Cost of development: N/A
Communities: TensorFlow, ARCore, YOLO
Categories: Lenses & Masks, Utilities, Games

Screenshots & Video

Description

EmoAR (2019/20) is an AR application prototype (ARCore support is required) that aims to recognize human face expression in real time, and to superimpose virtual content according to the recognized expression. For example: Depending on the predicted face expression, EmoAR would overlay emojis or randomized famous quotes about the expression, in AR.

The live AR camera stream of a mobile device (Android) is input to a segmentation tool (using tiny YOLO) that detects faces in the video frames, in real time. The detected areas with a face are fed into a model that was trained on the public FER dataset (from a Kaggle competition 2013). The face expression of the detected face is determined in real time by using our model trained with PyTorch and converted to Tensorflow Lite for use in Android. Depending on the model prediction (the output result), different virtual content overlays the face. This virtual augmentation of a face is done with Augmented Reality (ARCore).

We also deployed the PyTorch model to a web app using Flask and Heroku, but without the AR feature.

Demo video Android app: https://youtu.be/R7-69Vf8r_4?t=120
Web app demo: https://emoar1.herokuapp.com/
Project description, German: https://www.terweyxr.de/post/augmented_reality_kuenstliche_intelligenz

Instead of using OpenCV’s techniques, we access the AR camera stream, we use YOLO to determine a person in a video frame, we crop this AR camera image, convert it to a Bitmap and feed a copy of it as input in our custom PyTorch model to determine the facial expression of this face in real time. Most tasks are done asynchronously.

How we built EmoAR with PyTorch:

Trained CNNs with PyTorch specifically for mobile applications and web applications
Trained CNNs using a custom architecture and alternatively using transfer learning with pre-trained PyTorch models
Model conversion from PyTorch to ONNX to Tensorflow for use in mobile applications, Unity3d and Android
Development of a REST API by using Flask.
PyTorch Model deployment to a web app Heroku
Deployment of a converted PyTorch model to Unity3d and to Android
Combination of Deep Learning and Augmented Reality (AR) in an Android app. Deep Learning determines the kind of visual AR content.
Sharing of the AR camera feed with other APIs to be able to input the AR camera feed to the CNN, rendering on the OpenGL thread

Data Description:

We used the FER2013 dataset from Kaggle for training. [ https://www.kaggle.com/c/challenges-in-representation-learning-facial-expression-recognition-challenge/overview ] It was prepared by Pierre-Luc Carrier and Aaron Courville and consists of grayscale facial images of size 48x48 px.

The faces are segregated and categorized into 7 classes:

0=Angry, 1=Disgust, 2=Fear, 3=Happy, 4=Sad, 5=Surprise, 6=Neutral

A total of 28,709 examples was used for training the models, which were further validated with 3,589 examples.

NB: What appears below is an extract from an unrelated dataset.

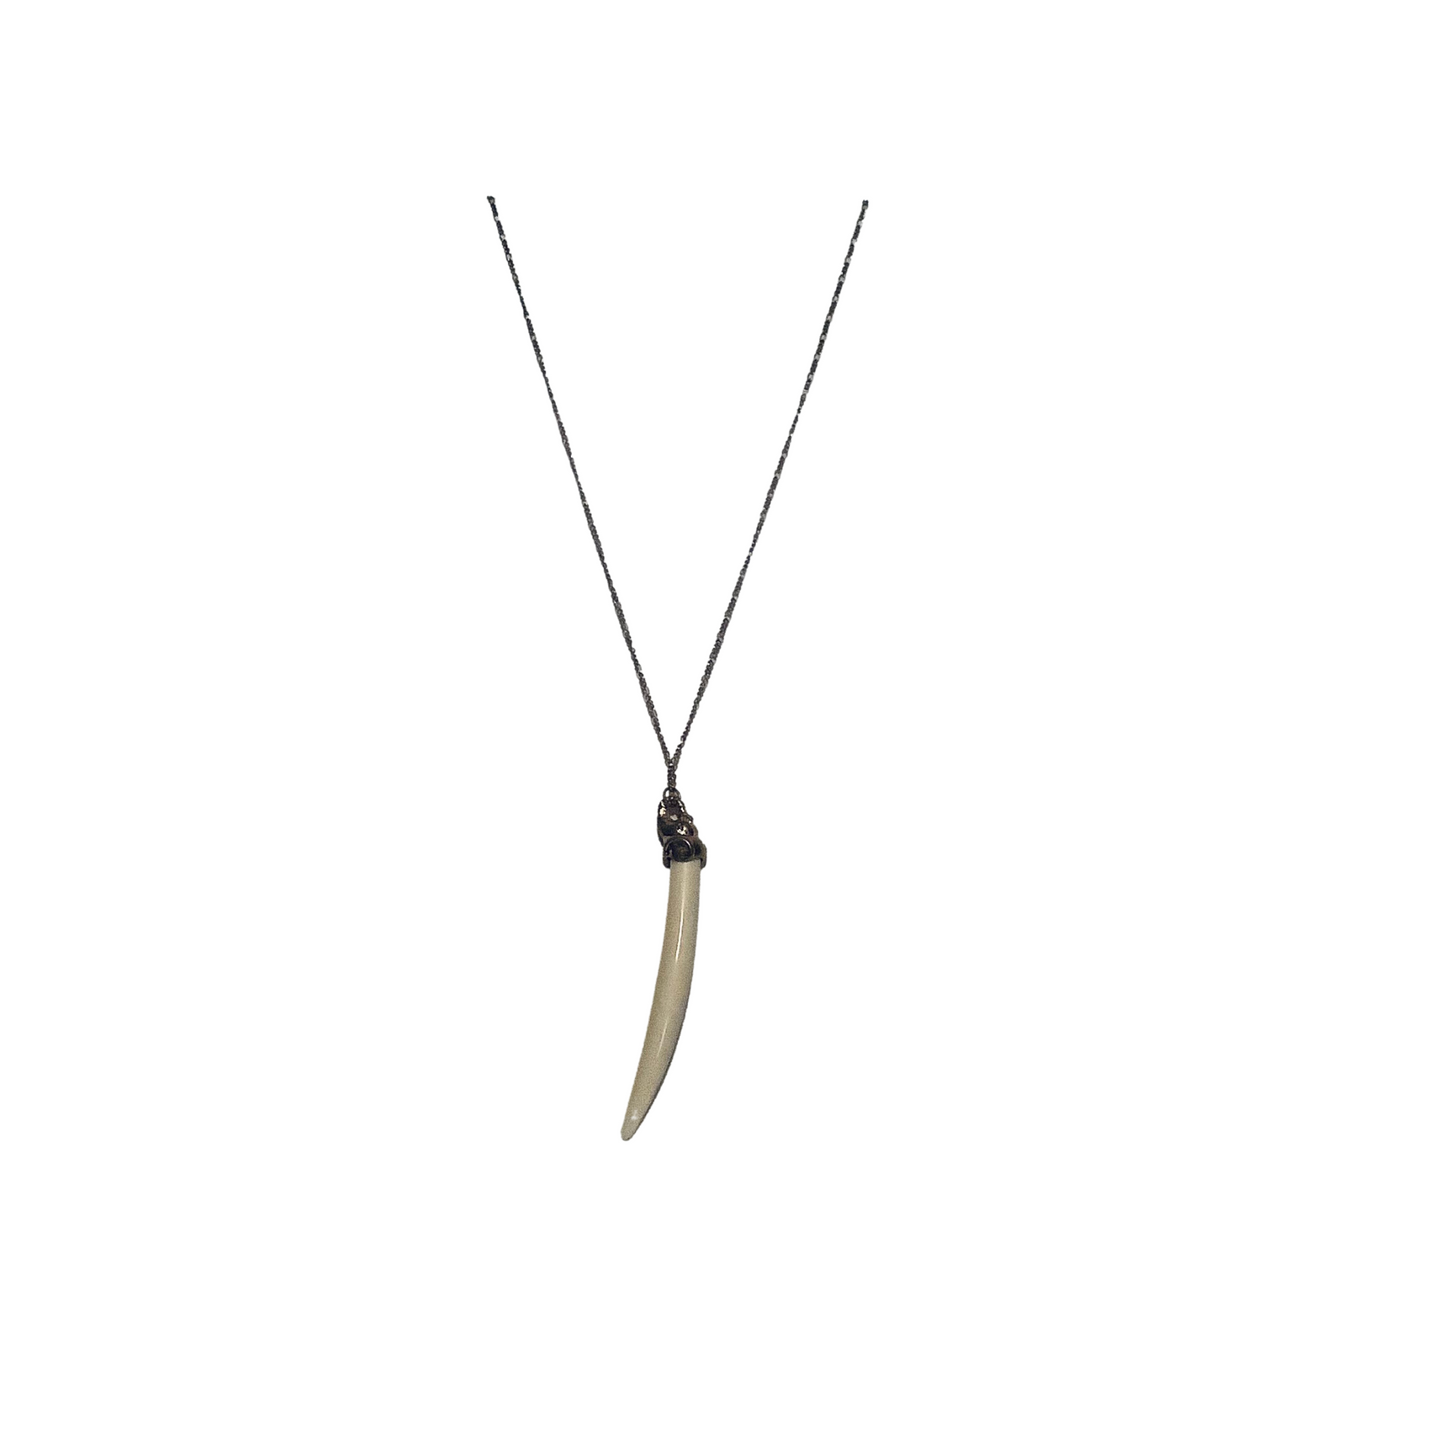 Created from silver, this long necklace features a unique bone pendant which adds a unique and sophisticated style. Its tastefully positioned pendant and long length will make any outfit look stylish and high-end.

Dataset issues we encountered:

the dataset is unbalanced
some images are ambiguous, have mixed expression
images without faces, but with watermarks, icons, graphic content, blank, useless information etc.

About model training:

We experimented with and trained several pre-trained models of different architectures:

ResNeXt50, Inception Resnet v2, MobileNet v2, SqueezeNet, DenseNet121, ResNet101, a custom CNN

We experimented with

data augmentation, i.e. rotation, horizontal flip
unfreezing some of the last layers
SGD and Adam optimizers,
different learning rates
schedulers – MultiStepLR, ReduceOnPlateau
weight initialization of linear layers in a custom CNN

We started cleaning the FER dataset, trained with PyTorch for the web app, converted our best PyTorch models to Tensorflow Lite.

About model conversion (as of autumn 2019):

Initially, we wanted to deploy to an Augmented Reality app (iOS and Android) via Unity3d using TensorflowSharp to do the inference. (Tensorflow -.pb files are supported by Unity3d.) The conversion chain is as follows: PyTorch → ONNX → Tensorflow -.pb

We also tried the recently released Inference Engine by Unity3d with the Unity3d Barracuda backend of the ML Agents Toolkit. Due to incompatibility issues concerning the Tensorflow versions as well as our models’ architectures with Barracuda, we dropped the app development in Unity3d, the issues led to crashes of Unity (as of autumn 2019).

We switched to the development in Android (Java) with Tensorflow Lite and ARCore. The conversion to Tensorflow Lite reduced the model size by approx. 66% to only 33% of the model size.

An alternative conversion would be PyTorch to Caffe2 for use in Android, or the conversion from Keras to Tensorflow Lite (which we tried for the Android app, too, as this is a quite straight forward approach.)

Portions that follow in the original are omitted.